Although there is a dispute as to whether the plaintiff sought and was denied assistance by Swiss Air personnel, "the full recline of a passenger's seat ... coupled with the passenger's refusal to raise the seat when requested to do so and the refusal of the flight attendant to intervene when requested to," see Magistrate's Recommended Disposition, at 10, could be considered by the fact-finders, see Air France, 470 U.S. at 405, 105 S. Ct. at 1345, to have been external to the passenger and beyond the usual, normal and expected operation of an aircraft, Id. at 406, 105 S. Ct. at 1345-46.

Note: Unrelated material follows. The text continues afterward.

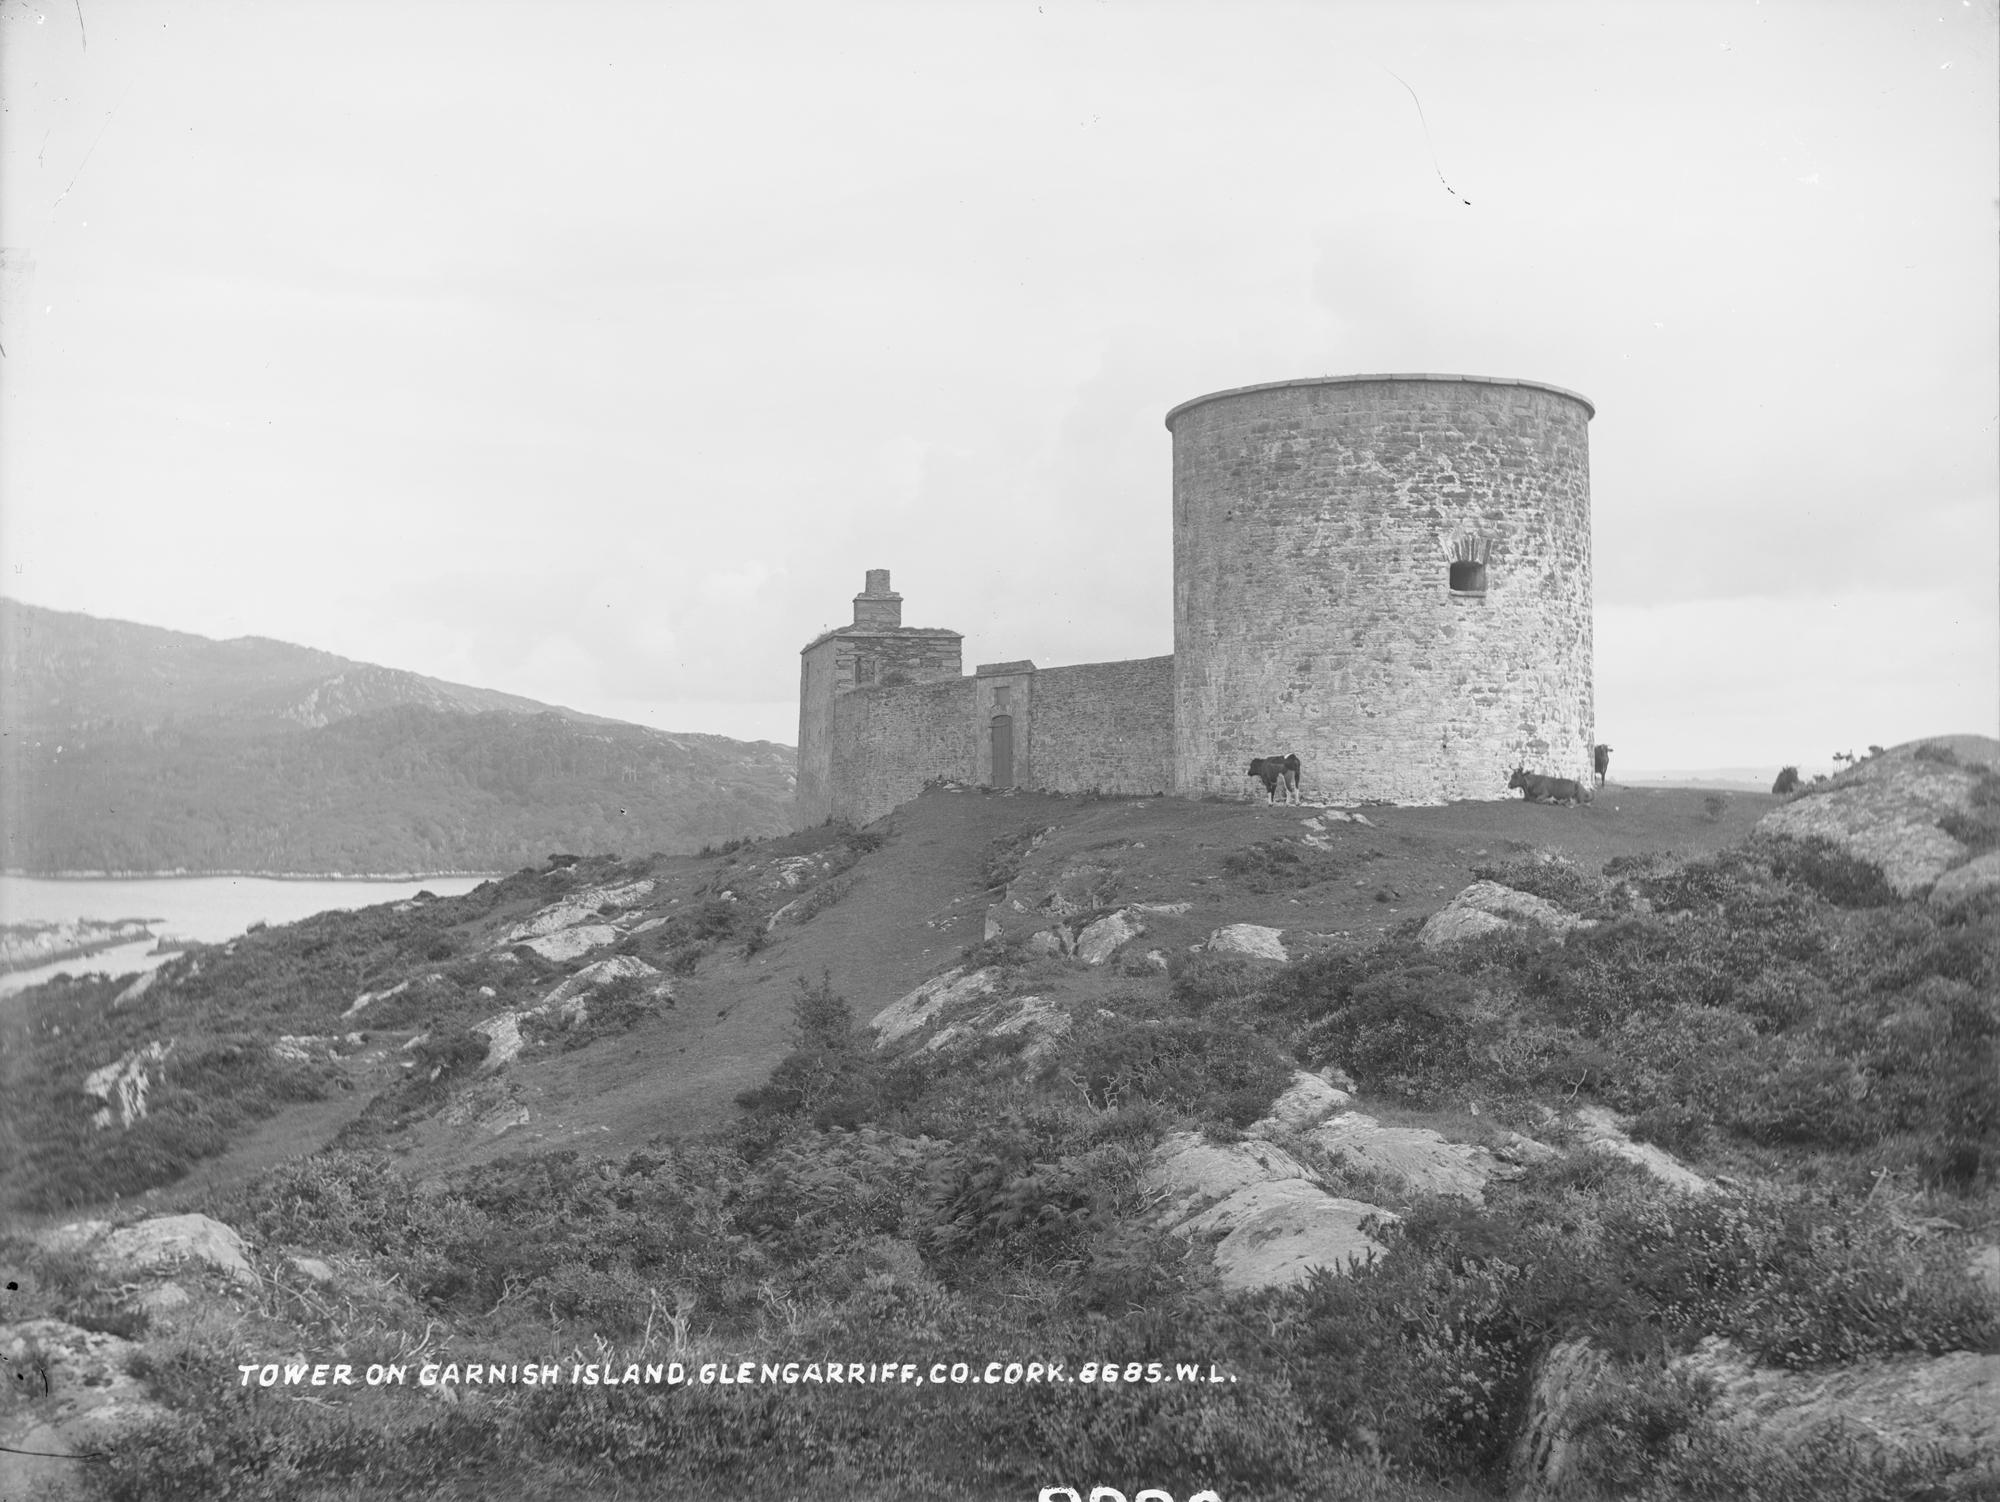 Garinish Island Tower, Glengarriff, Co. Cork

The court finds that genuine issues of material fact remain. See Magistrate's Recommended Disposition, at 10. Accordingly, the Magistrate's Recommended Disposition is ACCEPTED, and the defendant's motion for summary judgment is DENIED.

NOTES

[1] The official title of the Warsaw Convention is the Convention for the Unification of Certain Rules Relating to International Transportation by Air, October 12, 1929, 49 Stat. 3000, T.S. No. 876. The Montreal Agreement, Cab # 18900, raises the liability limitations prescribed by the Warsaw Convention. Both are reprinted in 49 U.S.C.App. § 1502, note (1982).

[2] Plaintiff was not assigned an aisle seat, but managed to get one by exchanging with another passenger.

[3] In its answer defendant denies that plaintiff injured her knee as she was attempting to get out of her seat. See Defendant's Answer to Complaint, at p. 1. However, in its statement of material facts the defendant states:

as Plaintiff was getting up from here (sic) seat to move into the aisle to let her fellow passenger out, she felt something snap in her left knee as she turned to move into the aisle. Tr. 11. Her knee became very painful and Plaintiff thought that she tore or broke something. Tr. 13.

Defendant's Material Facts, at 2.

[4] Plaintiff and defendant agree that the flight attendant offered to obtain an ambulance, but explained that the plaintiff would have to wait an hour. The plaintiff declined the offer. Plaintiff also requested assistance with her carry-on bag. The flight attendant, according to the plaintiff, initially refused to assist but eventually did help the plaintiff with her bag.